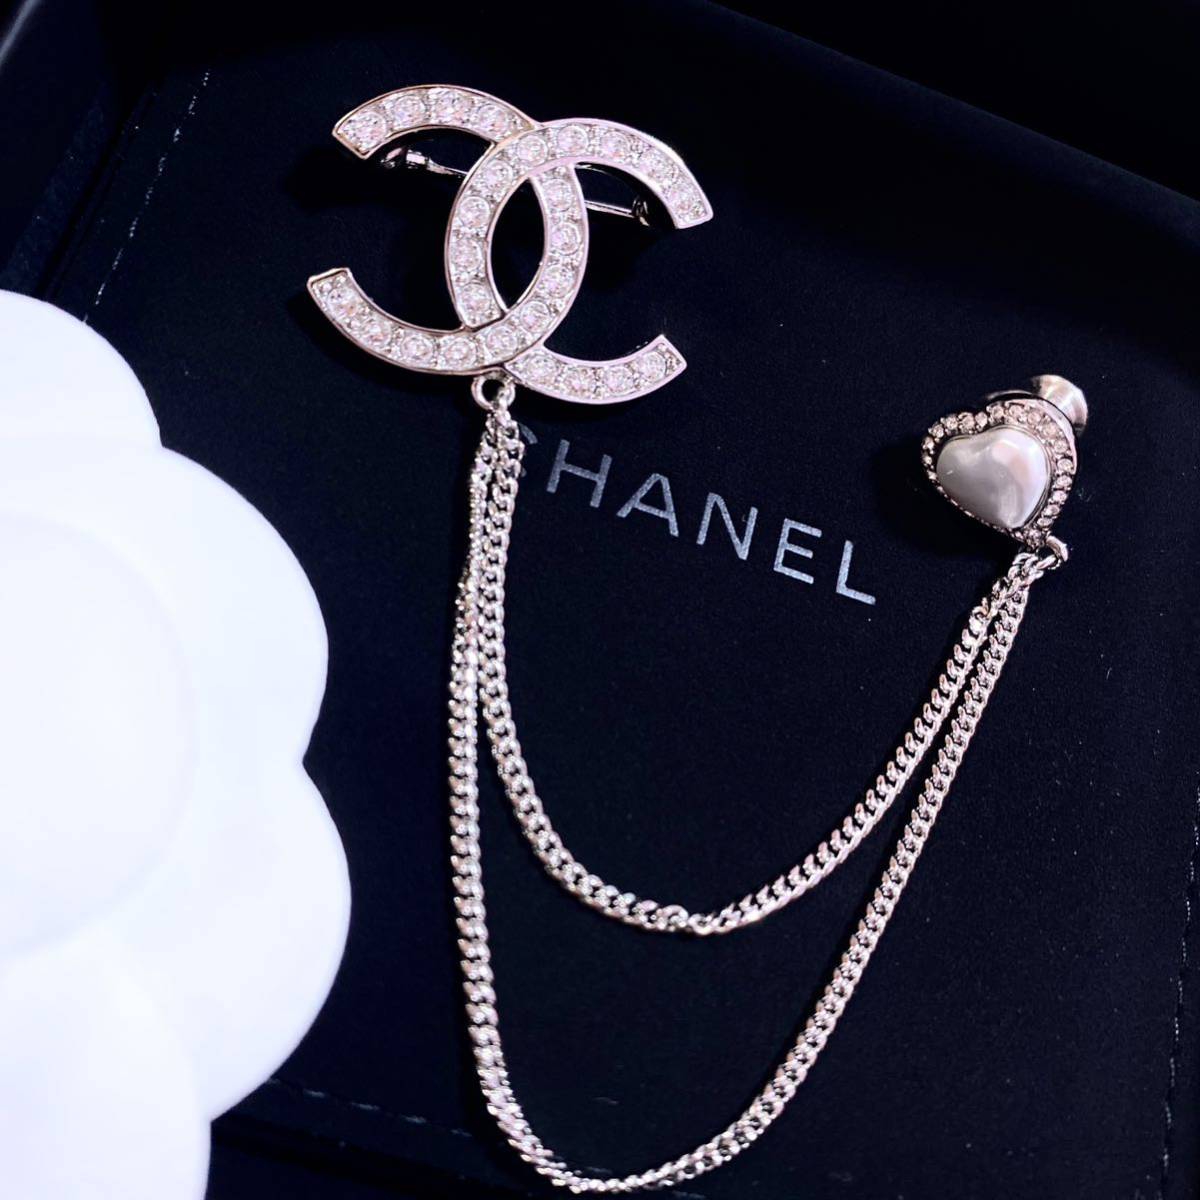  внутренний фирменный магазин покупка Chanel Heart жемчуг стразы 2 полосный брошь CHANEL
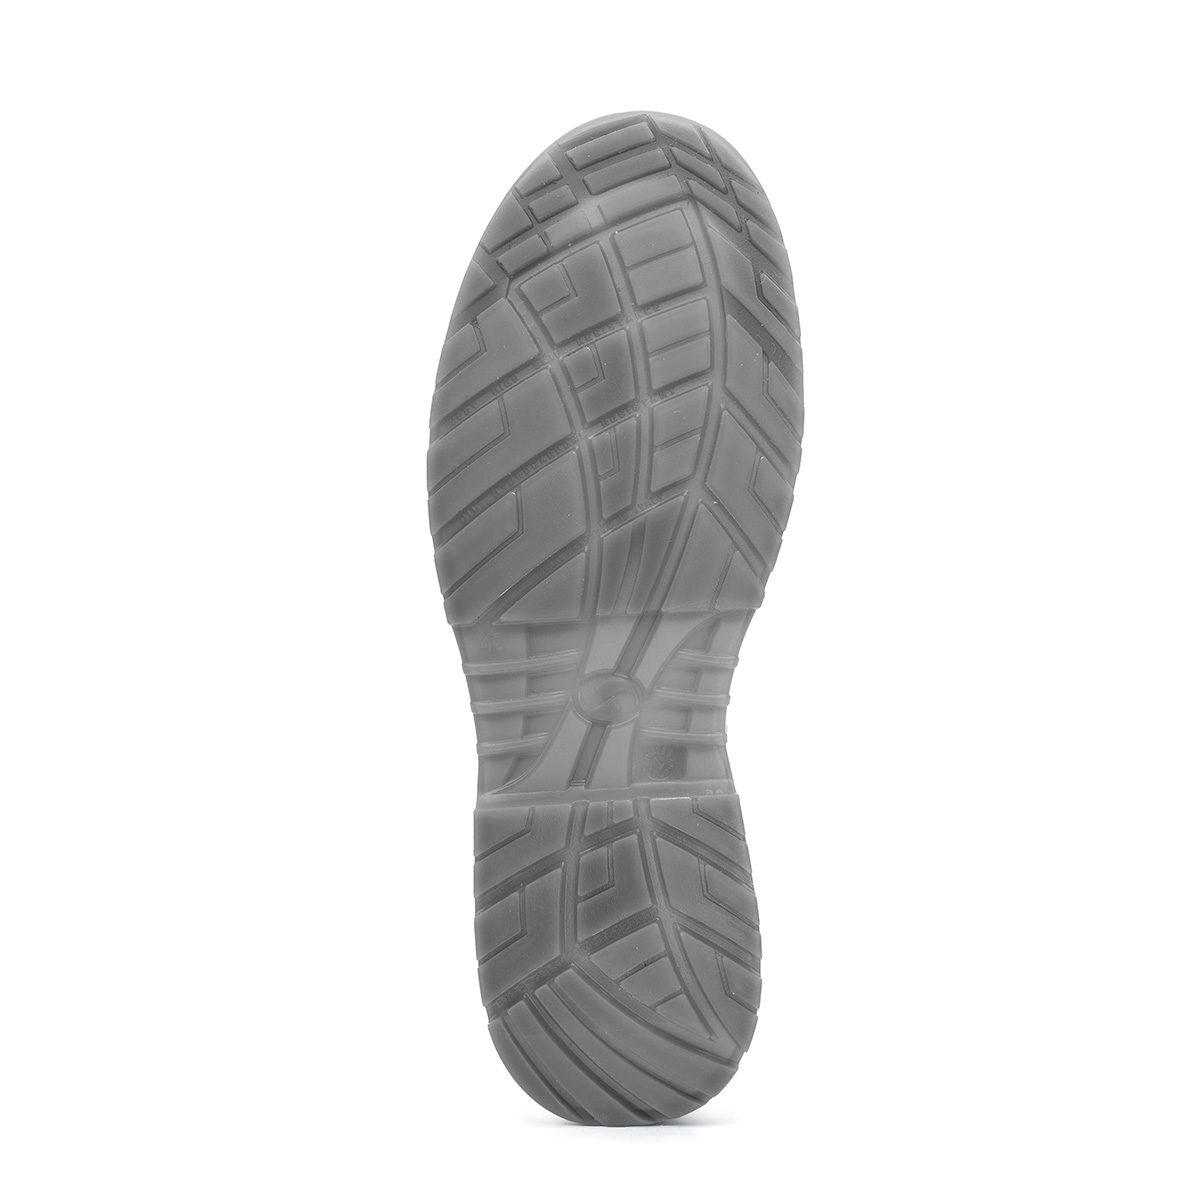 Crystal VENEZIA - Low Shoe con classe di protezione S2 *CI SRC - Codice  modello 86203-00 Sixton Peak Safety Shoes | Sicherheitsschuhe
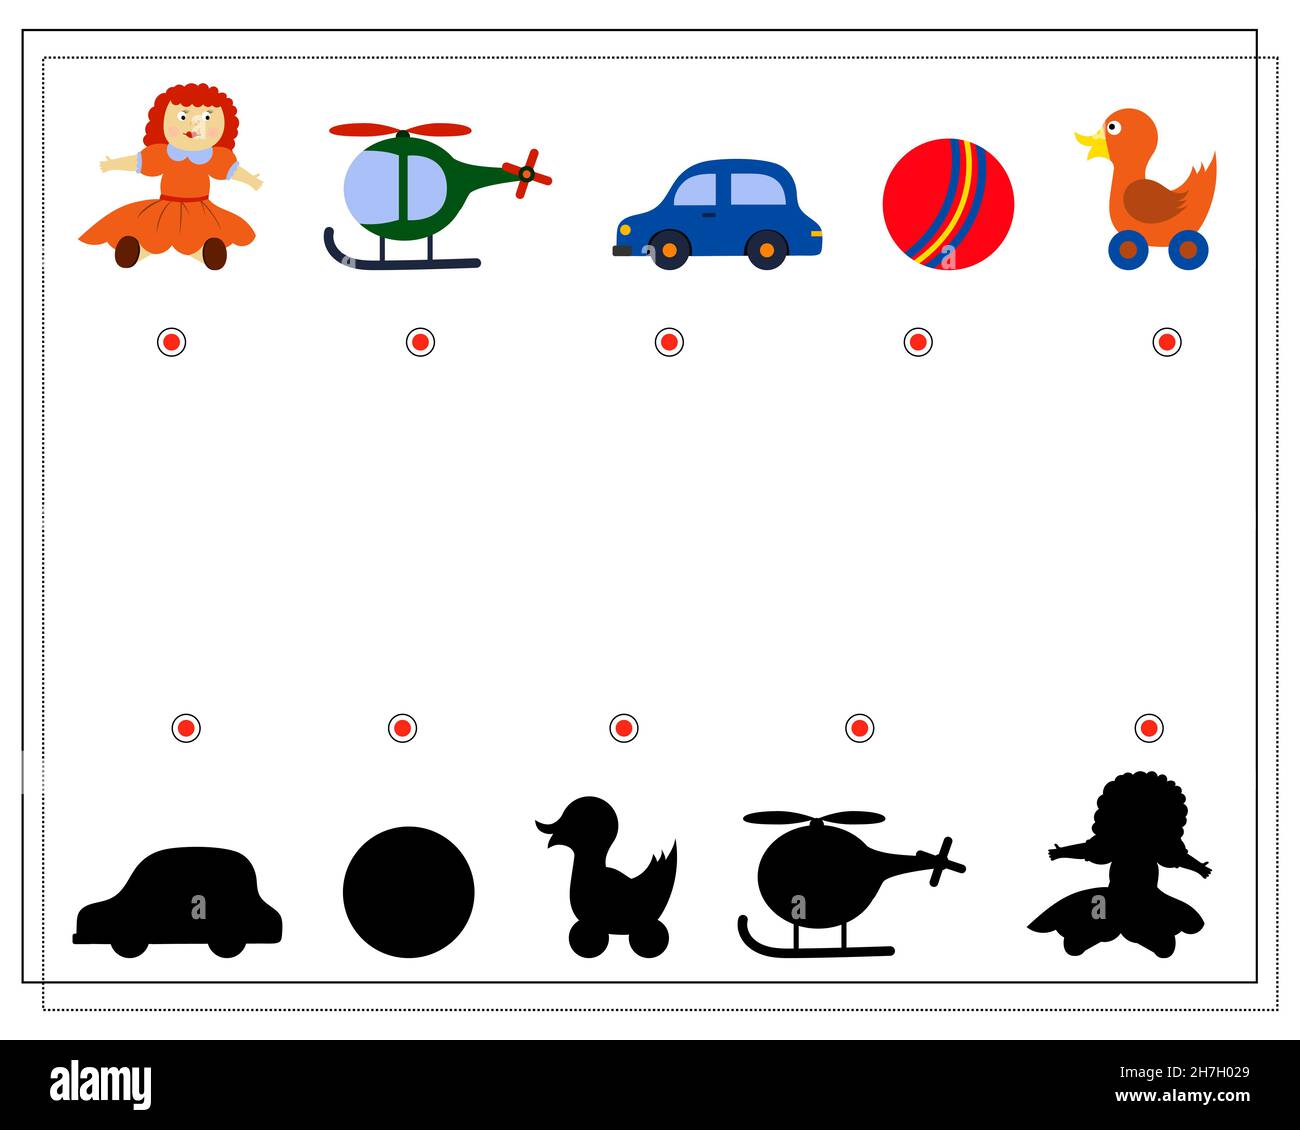 Jeu logique pour enfants, trouvez l'ombre droite. Jouets pour enfants, poupée, balle, voiture. Vecteur isolé sur fond blanc Illustration de Vecteur
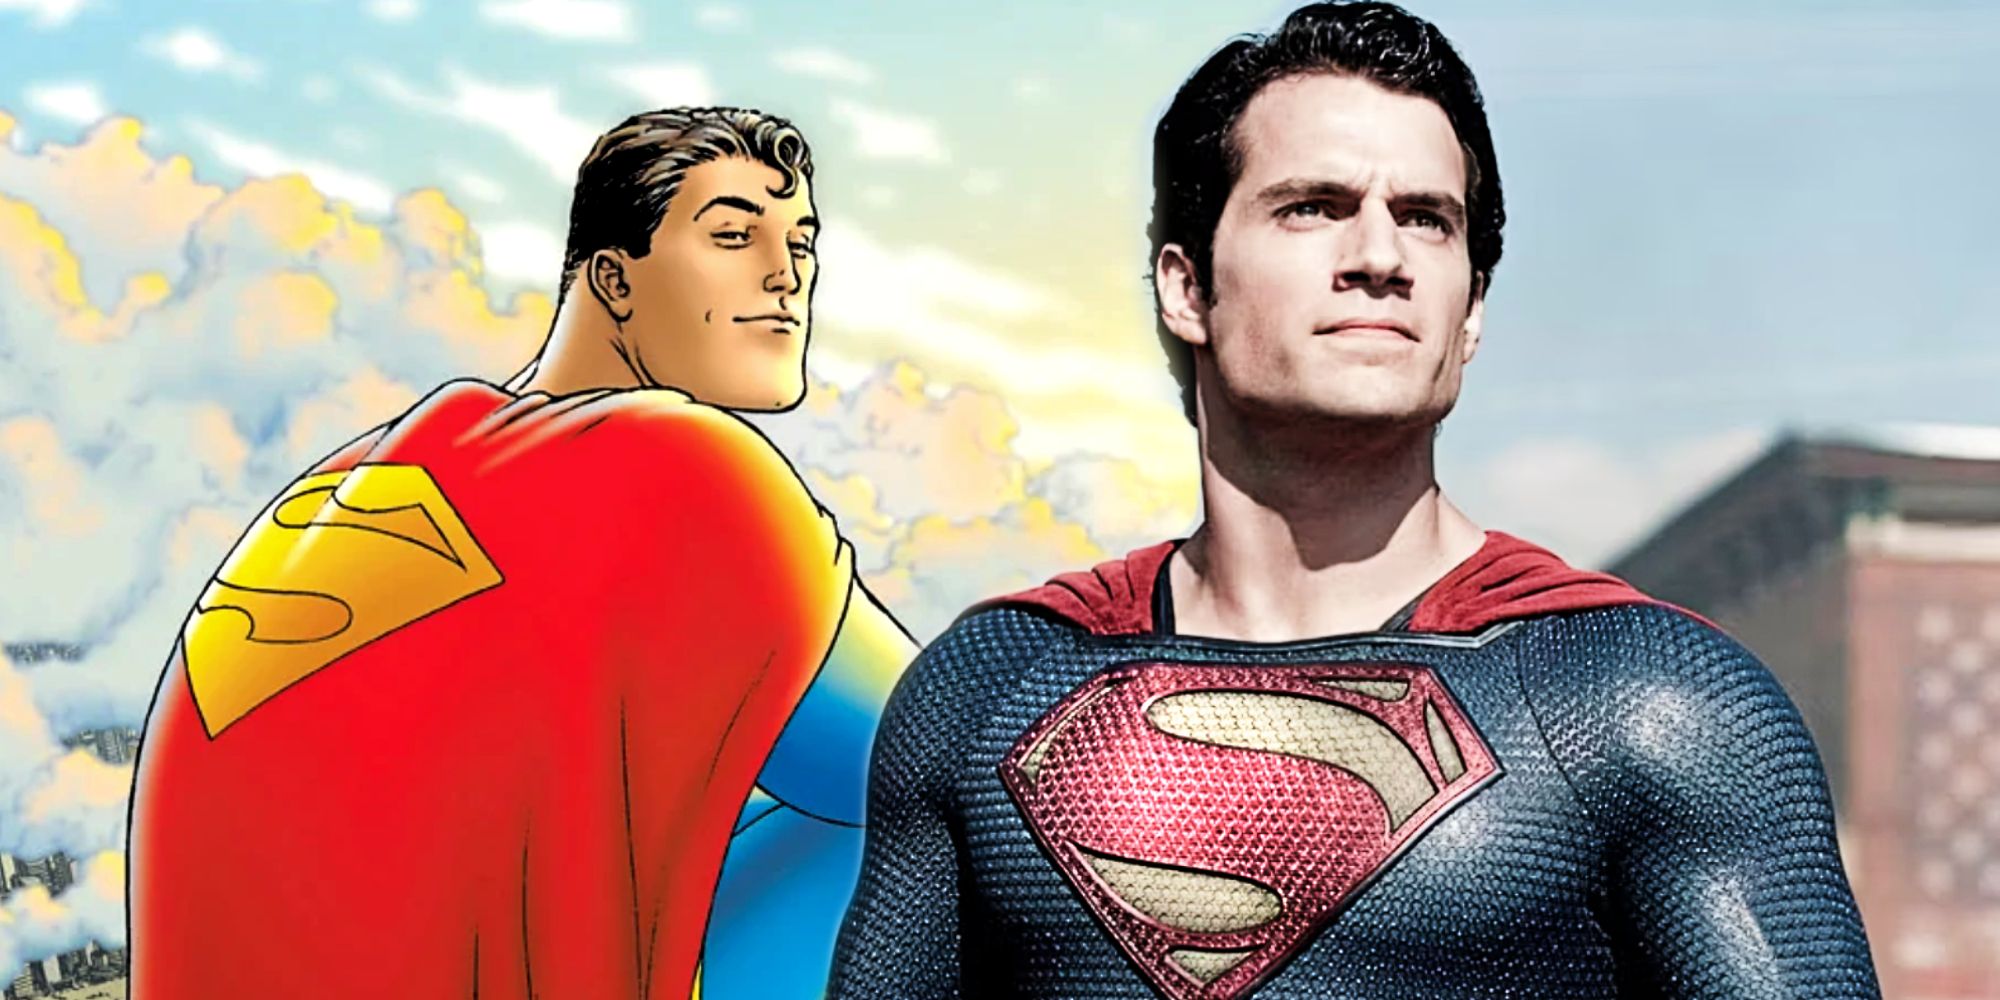 O Homem de Aço de Henry Cavill e o All-Star Superman

_ _ _ _ _ _ _

| What to work on |
Reprint all the data above verbatim, excluding pictures.

| Output of the task |
  внутренний фирменный магазин покупка Chanel Heart жемчуг стразы 2 полосный брошь CHANEL
 Crystal VENEZIA - Low Shoe con classe di protezione S2 *CI SRC - Codice  modello 86203-00 Sixton Peak Safety Shoes | Sicherheitsschuhe
 Jeu logique pour enfants, trouvez l'ombre droite. Jouets pour enfants, poupée, balle, voiture. Vecteur isolé sur fond blanc Illustration de Vecteur
 O Homem de Aço de Henry Cavill e o All-Star Superman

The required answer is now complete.